"You do feel like you're in someone else's body, because I had never known a strong heartbeat," explains Mehreen following her heart transplant

'I couldn't sleep for days after undergoing my heart transplant'

Mehreen Ahmed had never known a strong heartbeat. In 2023, the 23-year-old who suffered from cardiomyopathy had a successful heart transplant. A year later the Nottingham University graduate ran the Great North Run

by · The Mirror

A young woman said her new heartbeat was so strong after a transplant she was unable to sleep for days. Mehreen Ahmed, 23, went from gasping for breath after just reading in bed - to completing the Great North Run just a year later.

She was diagnosed with dilated cardiomyopathy at the age of 15, a condition which causes the heart's muscle walls to become thin and stretched, so they cannot pump blood around the body properly.

Medication kept her heart stable but last year revising for final exams at the University of Nottingham she was so ill she "couldn't walk 10 steps". She was taken to the Freeman Hospital in Newcastle and had her new heart in June 2023.

Mehreen running in the Great North Run half marathon

Mehreen from Louth in Lincolnshire, told the BBC: "You do feel like you're in someone else's body, because I had never known a strong heartbeat. "It was so strong that usually you can't sleep for the first couple of days.
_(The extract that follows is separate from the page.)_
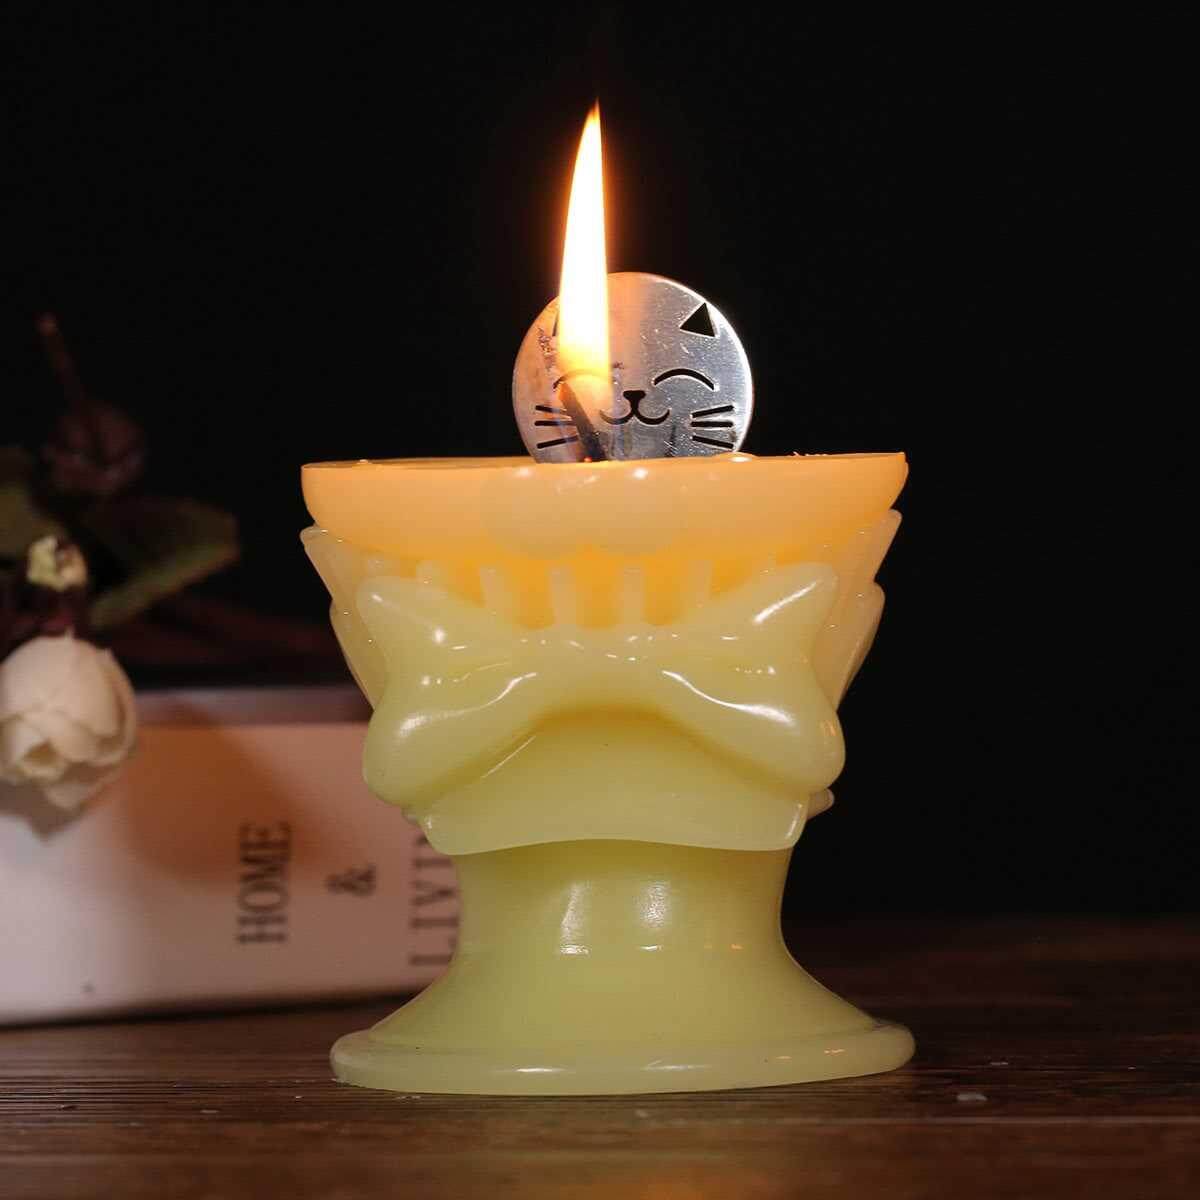 Tomfeel Aroma Candle - Yellow Kitten Decorative Aromatherapy Wax Natural Cotton Wick (yellow)

You know when you change a clock in the house and the ticking puts you off?"

Now, Miss Ahmed is hoping to encourage more people to donate this “beautiful gift” especially ethnic minority groups. Figures from NHS Blood and Transplant show that, in the 12 months to April, only 32% of families of patients from ethnic minority groups agreed to donate their relative's organs, compared with 65% for white donors.

Mehreen graduated from Nottingham University with a degree in neuroscience

A year after the transplant, Miss Ahmed graduated from university with a degree in neuroscience. "It was very emotional," she recalled. "I remembered my donor because without them, I wouldn't be crossing that stage and throwing my hat in the air."

In September, she took part in the Great North Run to give something back to the city where she received her new heart. She added: "I don’t think I will ever be able to fully express my gratitude to a family who had to suffer such tremendous loss and give a final gift so precious, so that someone like me could live again."